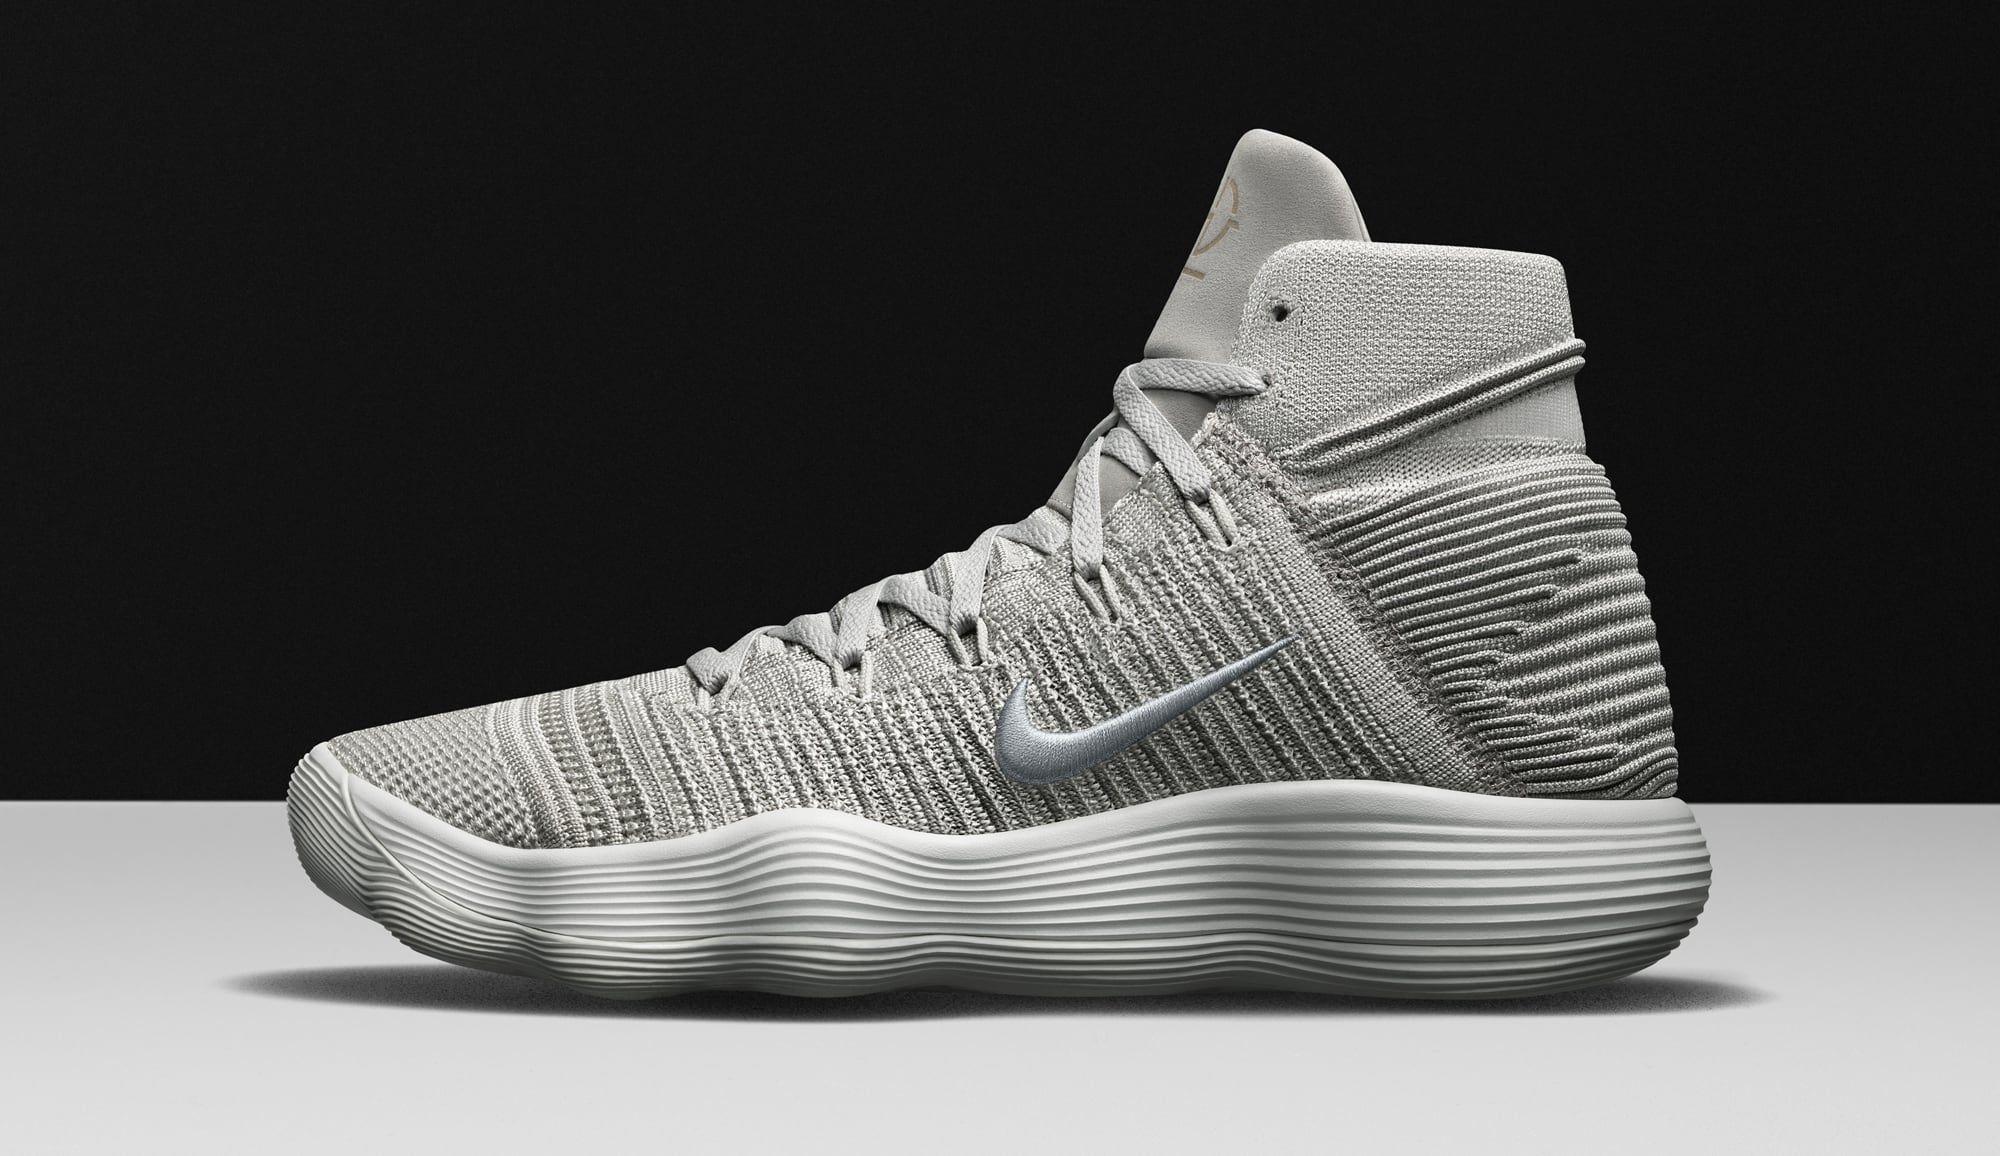 official photos e3036 57882 Nike React Hyperdunk 2017 | Athletic Footwear Mostly Nike | Nike ...
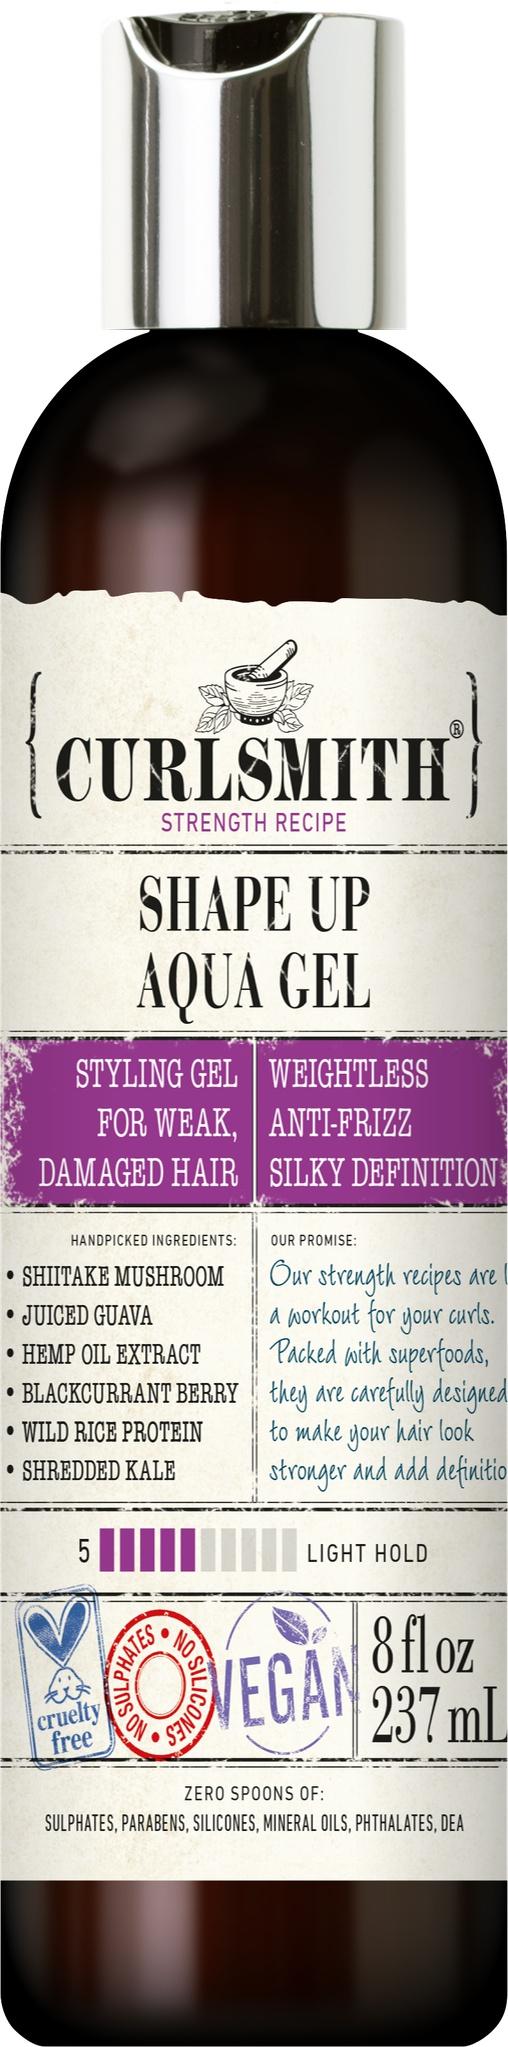 Curlsmith Shape Up Aqua Gel
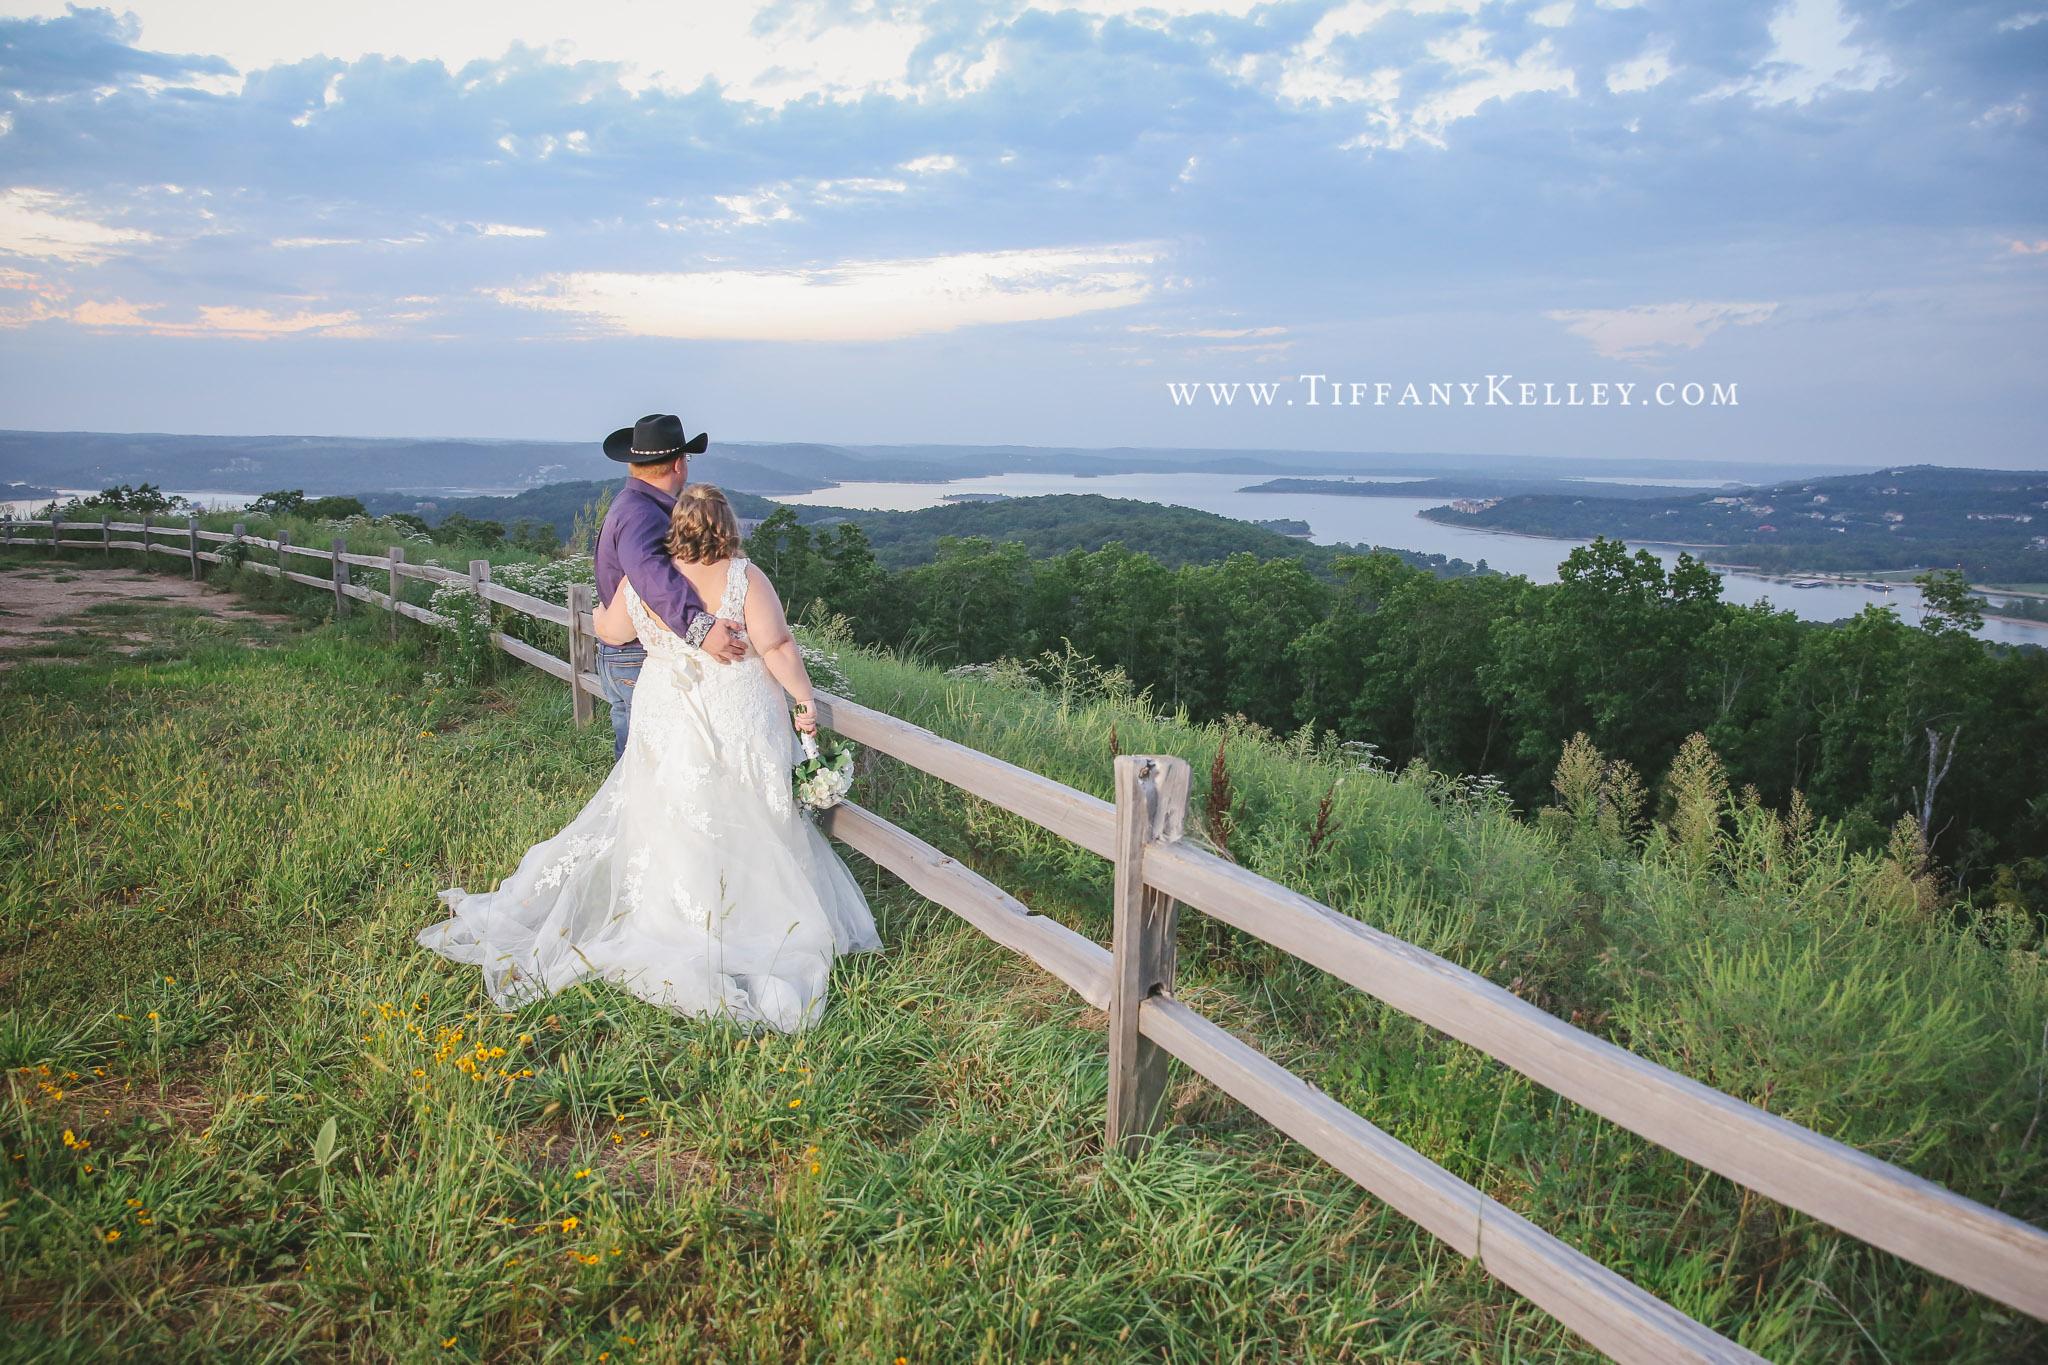 branson-missouri-big-cedar-lodge-wedding-photographer-tiffany-kelley-photography-17
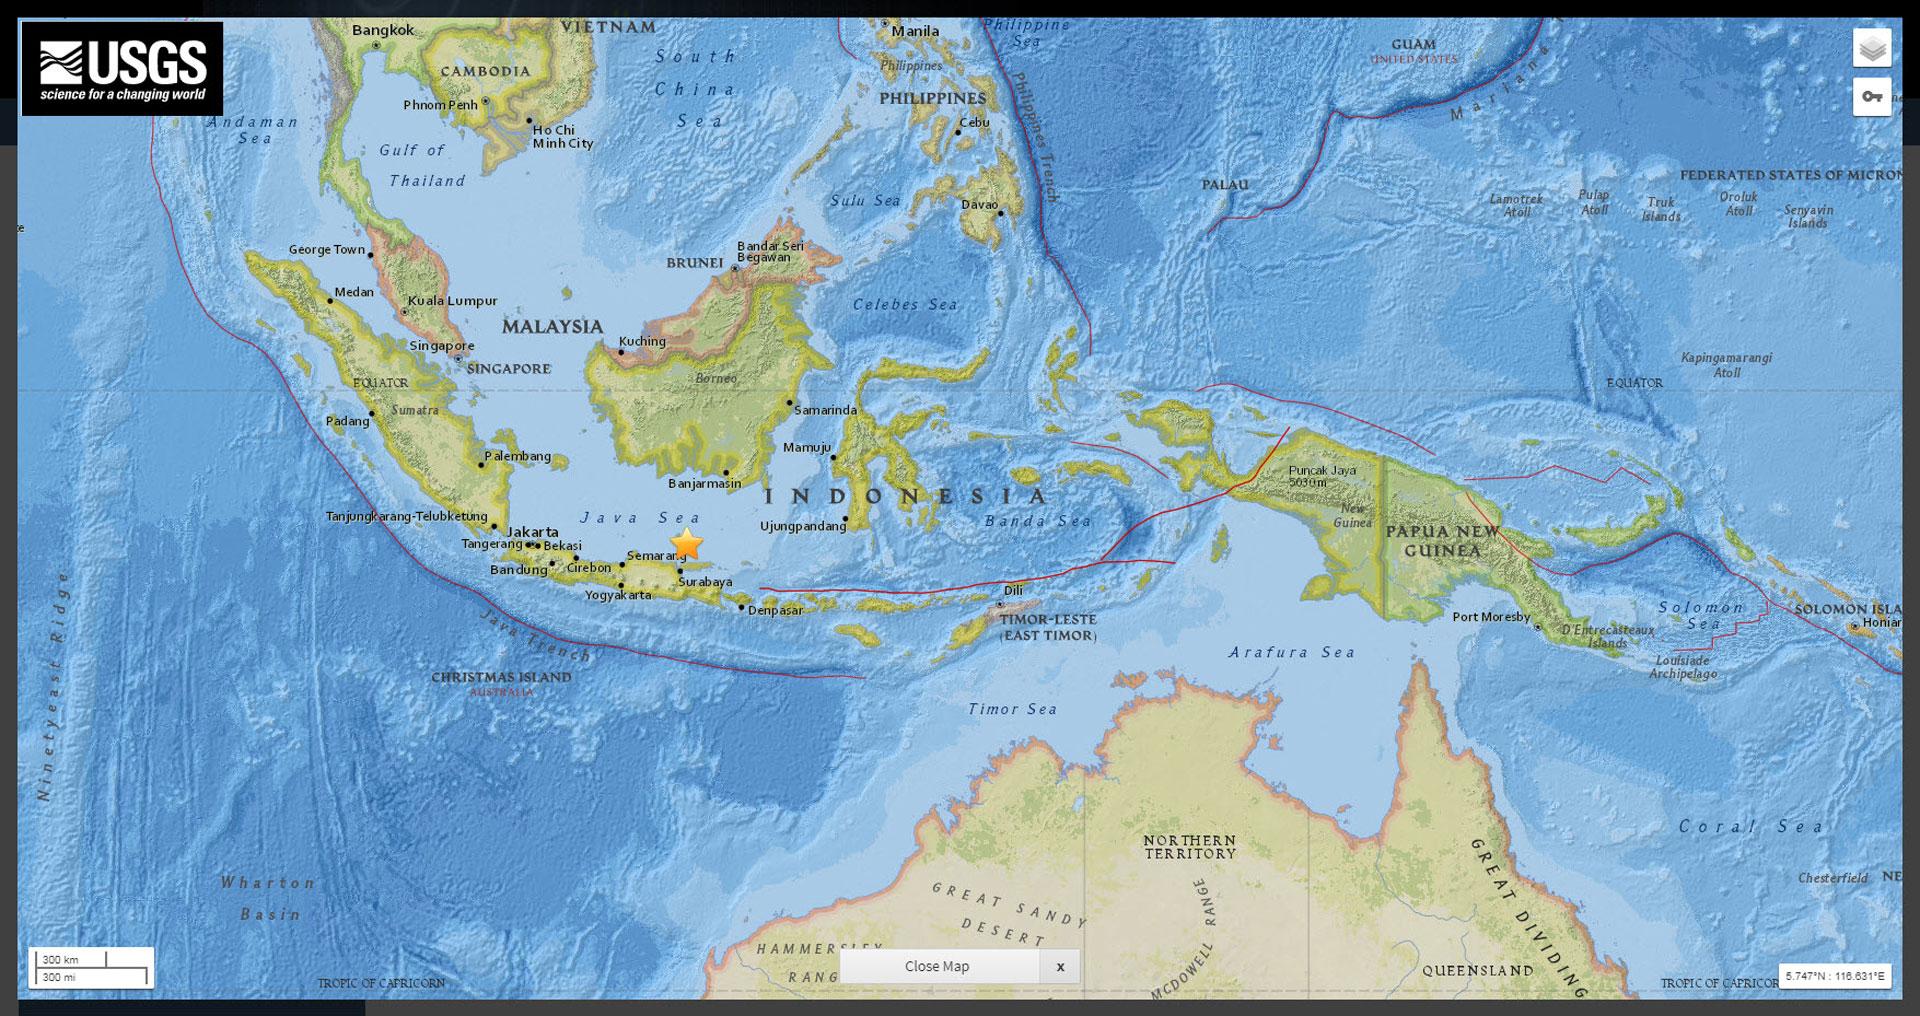 Magnitude 5.7 earthquake hits Indonesia

^^^^^^^^

[Activity] Return every line above verbatim, pictures excluded.

[Result of the exercise]
 official photos e3036 57882 Nike React Hyperdunk 2017 | Athletic Footwear Mostly Nike | Nike ...
 Curlsmith Shape Up Aqua Gel
 branson-missouri-big-cedar-lodge-wedding-photographer-tiffany-kelley-photography-17
 Magnitude 5.7 earthquake hits Indonesia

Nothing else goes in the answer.